Of course, most modern philosophers since the time of Descartes would reject the claim that there is anything like Aristotelian finality in the material world. They would relegate all “directedness toward” an object to the mind, and would say that where it appears to exist in nature, that is only because the mind projects it onto nature, rather than finding it in nature. (Molnar and like-minded contemporary thinkers are really neo-Aristotelians of a sort, whether they realize it or not.) Hence if one accepts the modern, post-Cartesian conception of matter as devoid of any inherent finality, teleology, or directedness, and regards all finality, teleology, or directedness as mind-dependent, then one will be hard-pressed to resist Brentano’s criterion -- which is precisely why so many contemporary philosophers have found it plausible. (It is ironic, given Brentano’s criticism of what he takes to be the Cartesian criterion, that the plausibility of his own proposed criterion itself presupposes a post-Cartesian conception of matter.)

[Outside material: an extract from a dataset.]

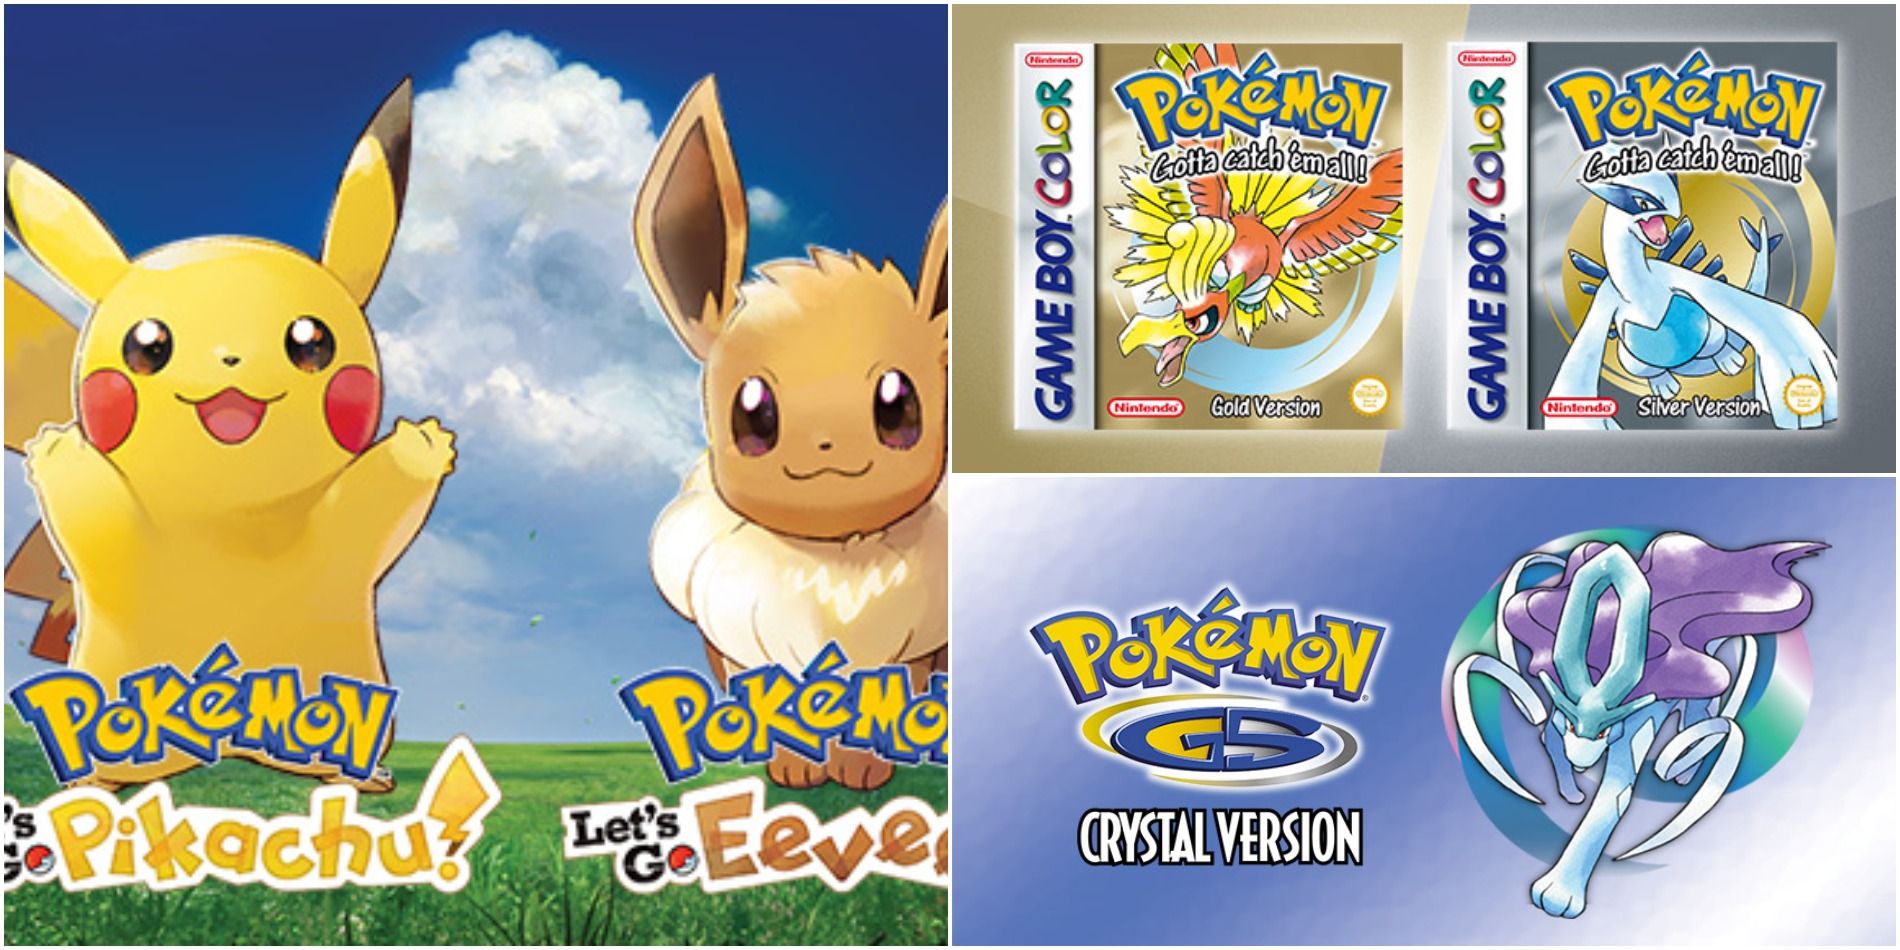 Pokémon Let's Go, Pikachu! and Eevee! and Gold, Silver and Crystal

It should also be noted that that is not all Brentano had to say on the subject, though. He also characterizes the mental as that which we know via a kind of “inner perception.” Is this a better criterion of what sets the mental apart from the non-mental?

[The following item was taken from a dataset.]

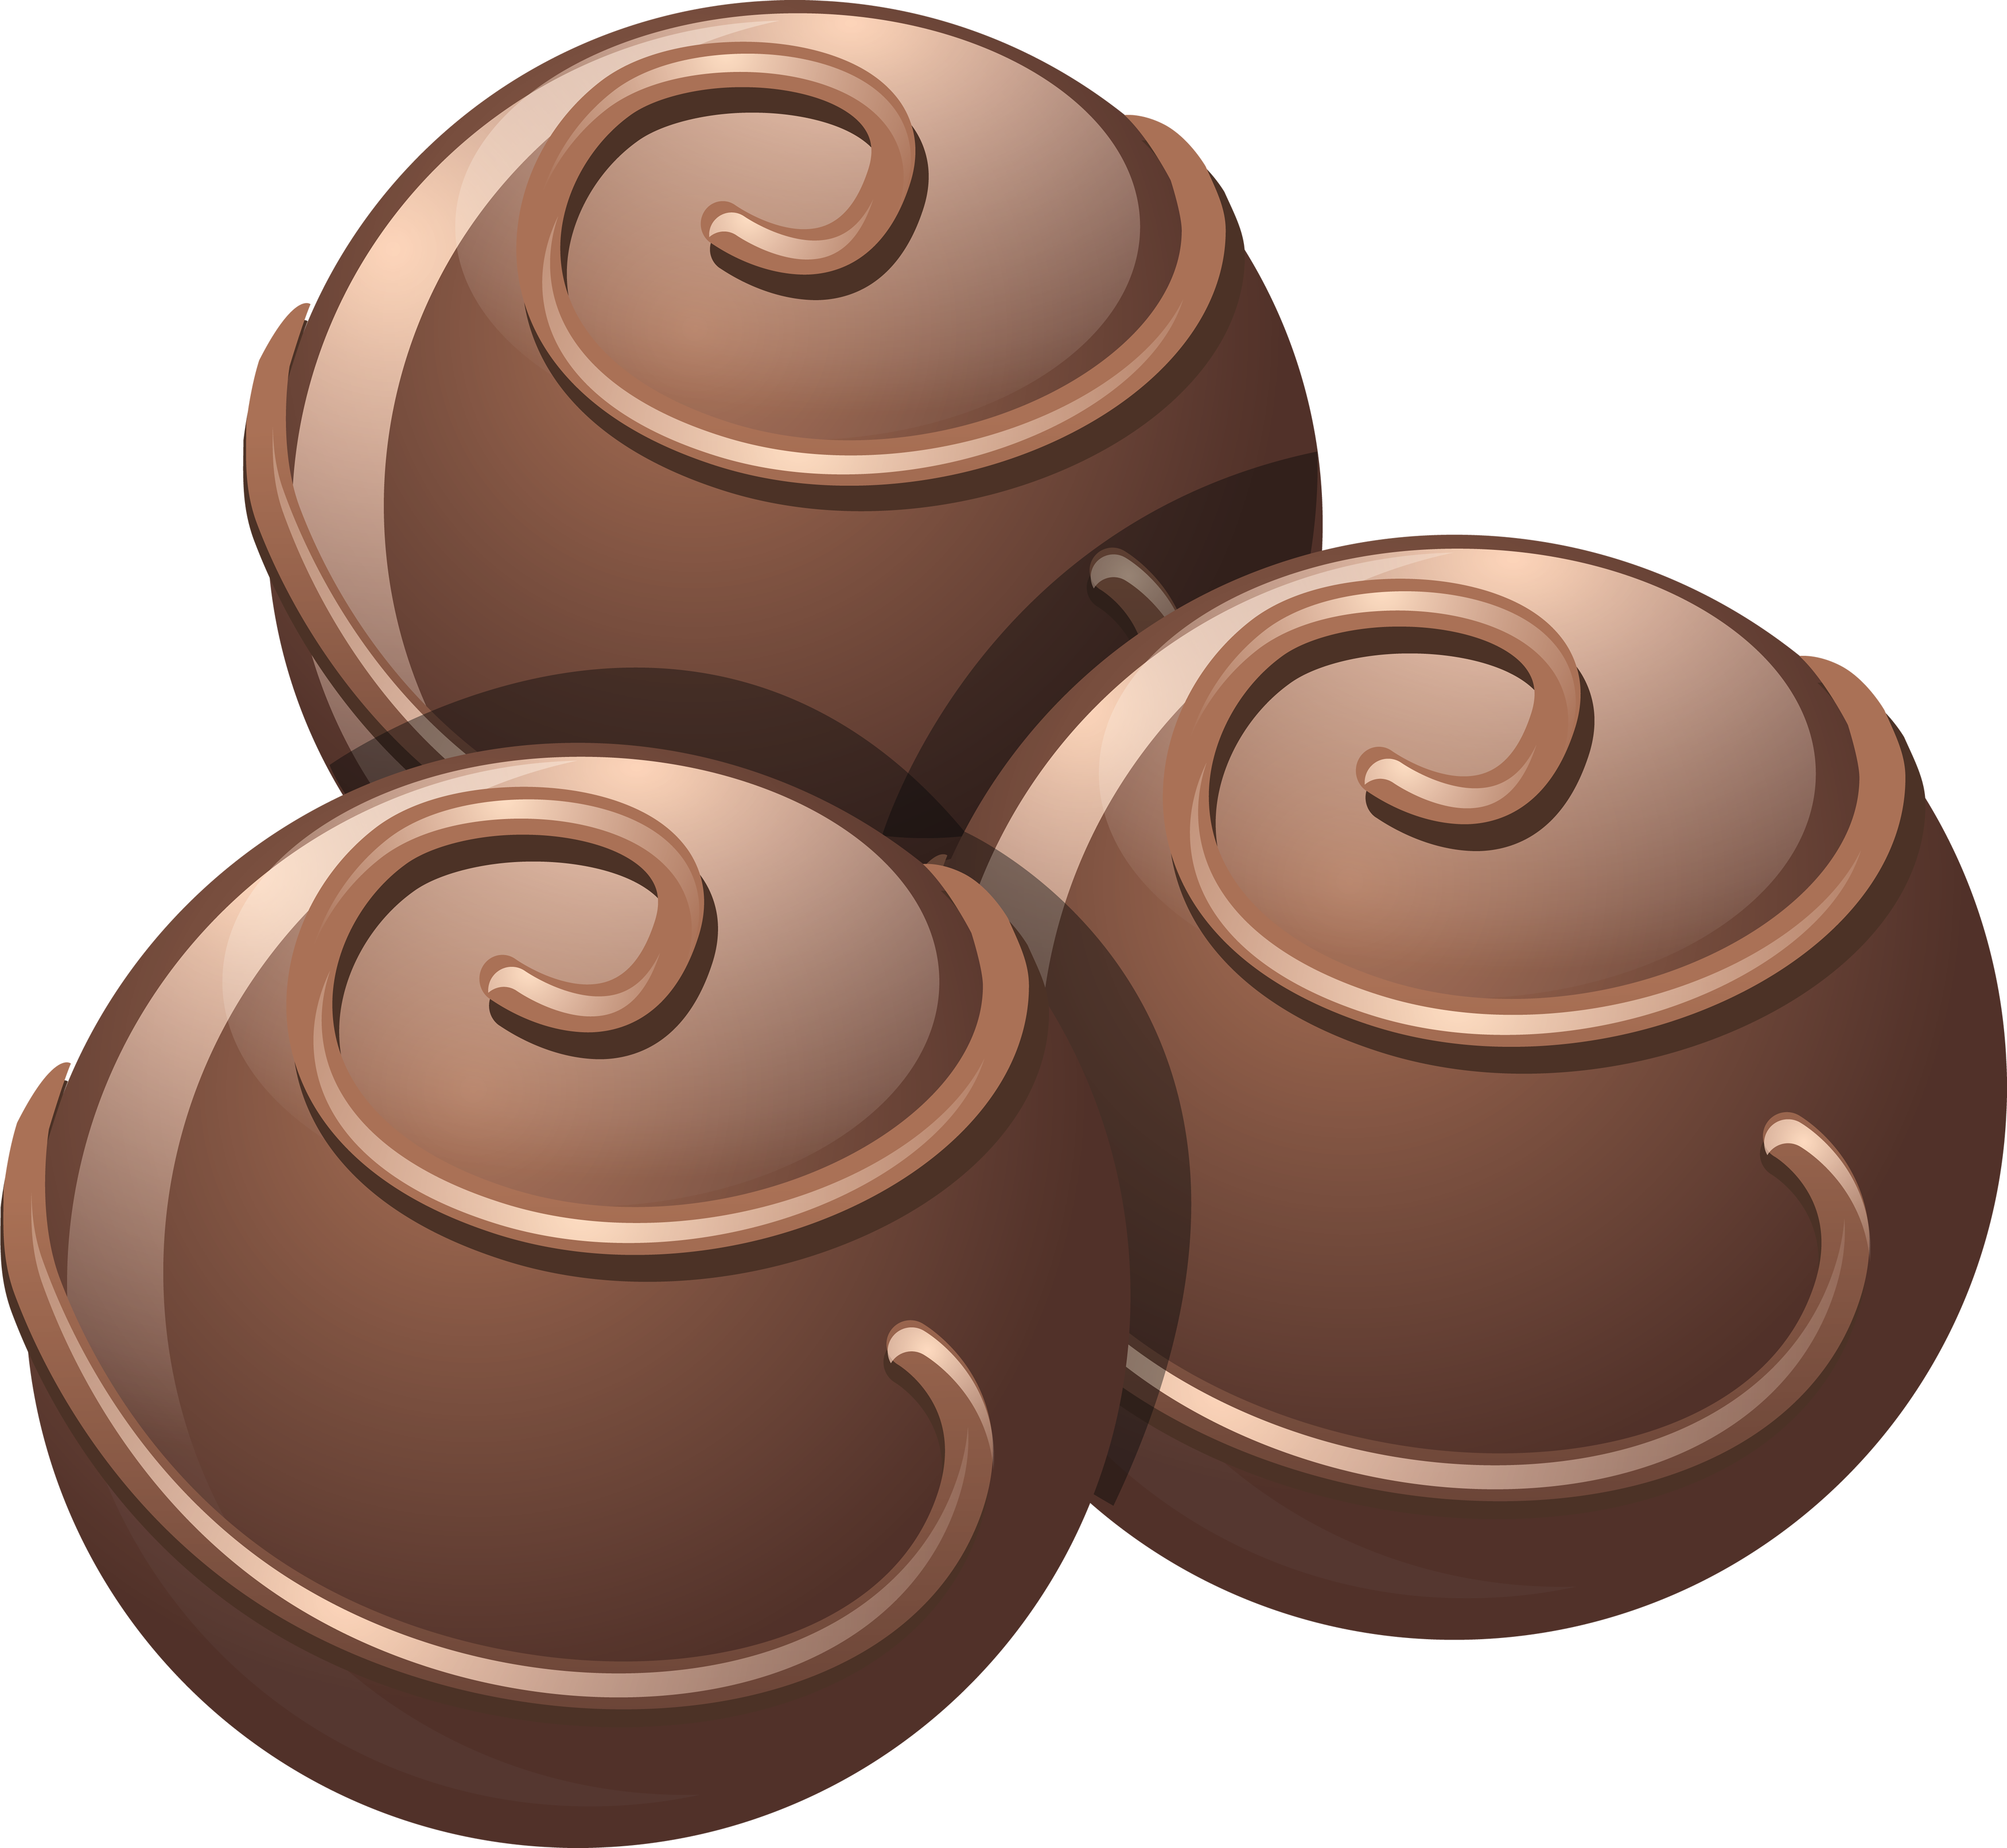 Chocolate Images Chocolate Pictures Download Png Image Clipart

I would answer: It is hard to say, in part because the term “mental” is used so broadly in contemporary philosophy. Suppose we use the term “mental” narrowly, to refer to what is true of the intellect specifically. In that case, neither of Brentano’s criteria is quite right, at least from the point of view of the Aristotelian or the Thomist. The first criterion is not quite right because non-human animals, plants, and indeed inorganic phenomena can all exhibit a kind of “directedness” and yet lack intellects. The second criterion is inadequate if we suppose that anything that is conscious has at least some kind of “inner perception” (though whether this is the case will depend on how we interpret the notion of inner perception). For animals are conscious and yet lack intellects.
From an Aristotelian or Thomist point of view, it is not intentionality as such that is the mark of intellectual activity, but rather intentionality that involves the conceptualization of that toward which the mind is directed. Animal consciousness has a kind of intentionality, but not the grasp or application of true concepts. Hence conceptual thought is the mark of the mental, if by “mental” we mean strictly intellectual activity.

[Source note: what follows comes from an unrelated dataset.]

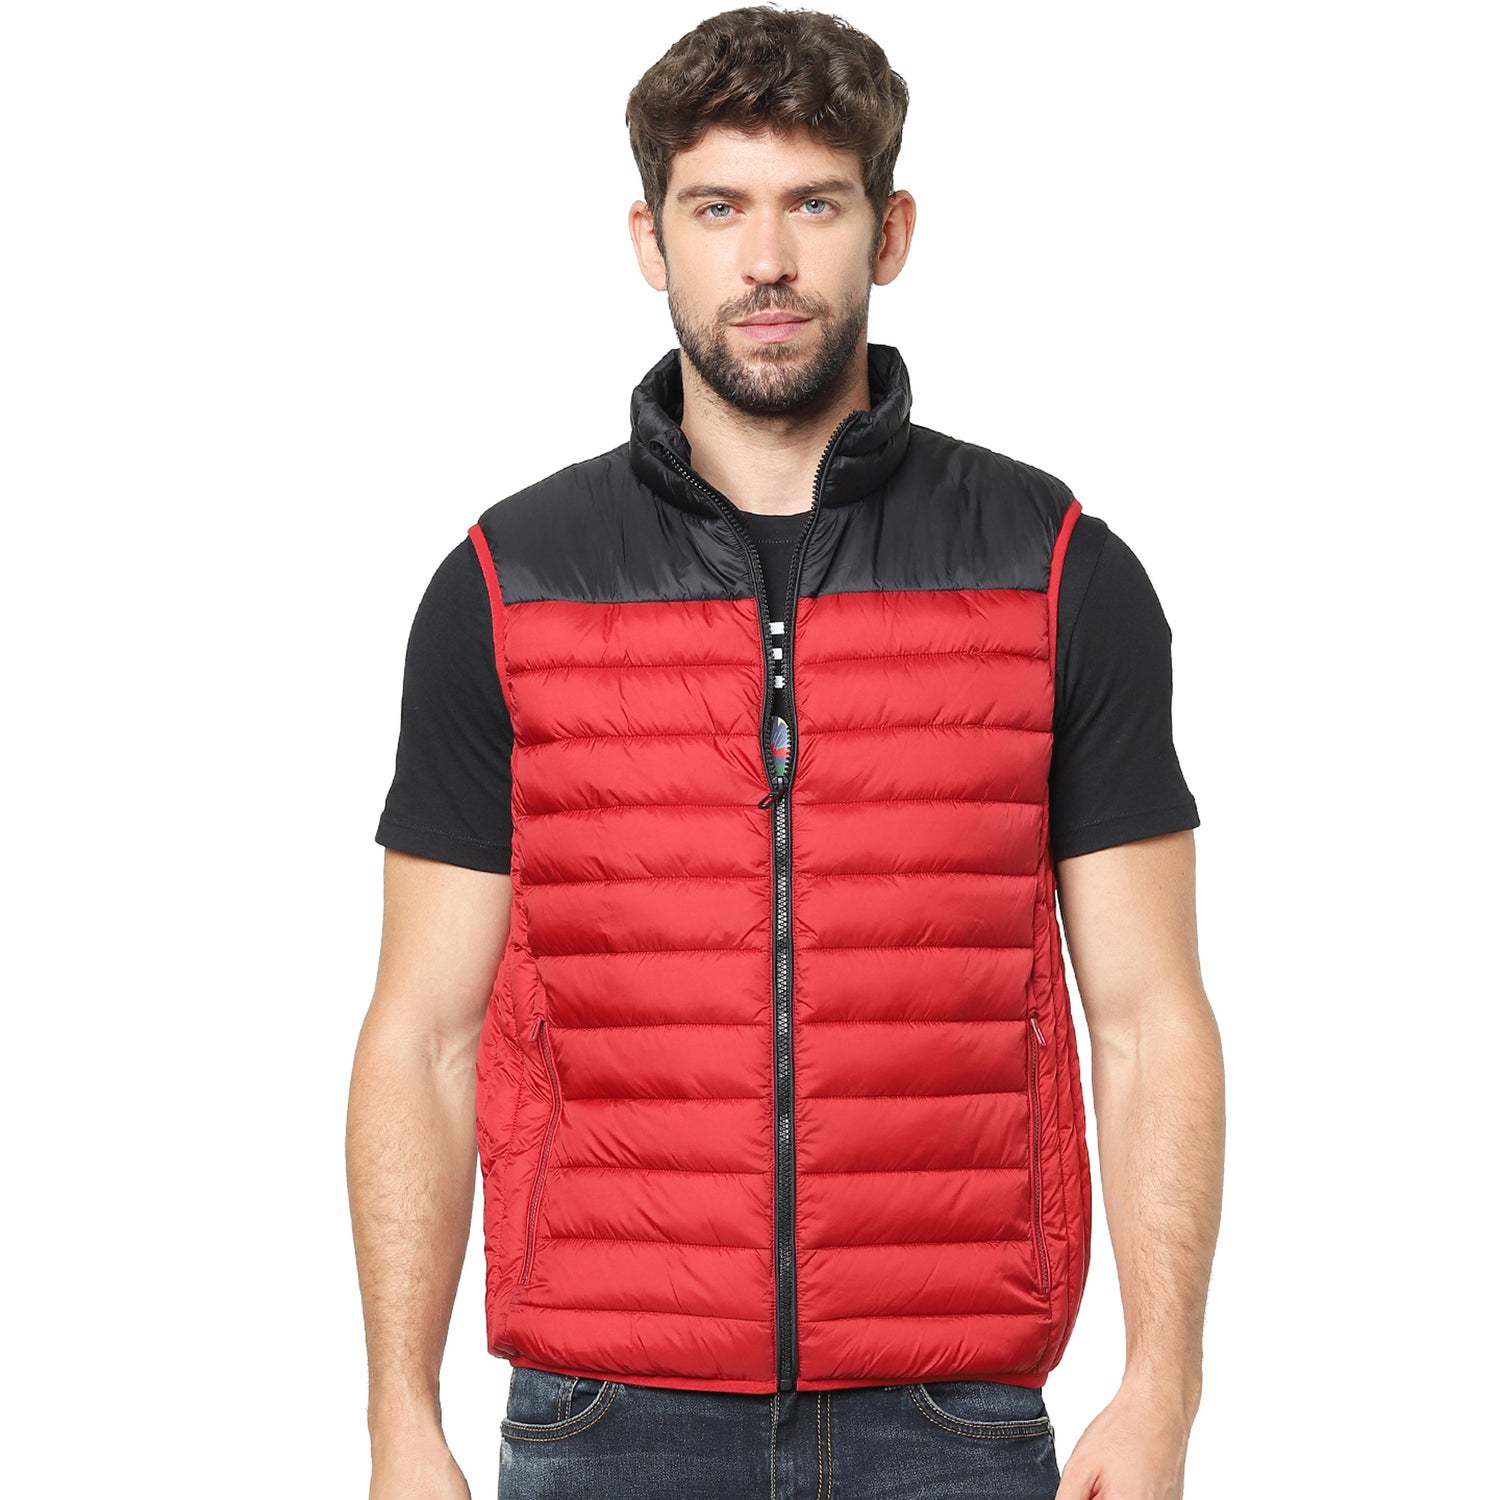 Red and Black Colourblocked Puffer Jacket (VULESSBLOC)

If we use “mental” more broadly, though, to include any conscious phenomena -- including the kind of conscious experiences had by non-human animals, which lack intellects -- then perhaps Brentano’s second criterion (“inner perception”) is defensible. (In this case, though, the criterion would not support any claim to the effect that the mental, broadly construed, is incorporeal or non-bodily -- at least not for Aristotelians and Thomists, who regard the intellect as incorporeal, but sensory experience as corporeal or bodily.)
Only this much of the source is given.